# What to work on:
Could you retype every line of the data underneath without altering anything?

# Data block:

■ ■ ■

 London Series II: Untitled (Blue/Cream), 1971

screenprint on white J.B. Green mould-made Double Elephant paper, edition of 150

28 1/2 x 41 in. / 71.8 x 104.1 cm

■ ■ ■

# Task solution:
 London Series II: Untitled (Blue/Cream), 1971

screenprint on white J.B. Green mould-made Double Elephant paper, edition of 150

28 1/2 x 41 in. / 71.8 x 104.1 cm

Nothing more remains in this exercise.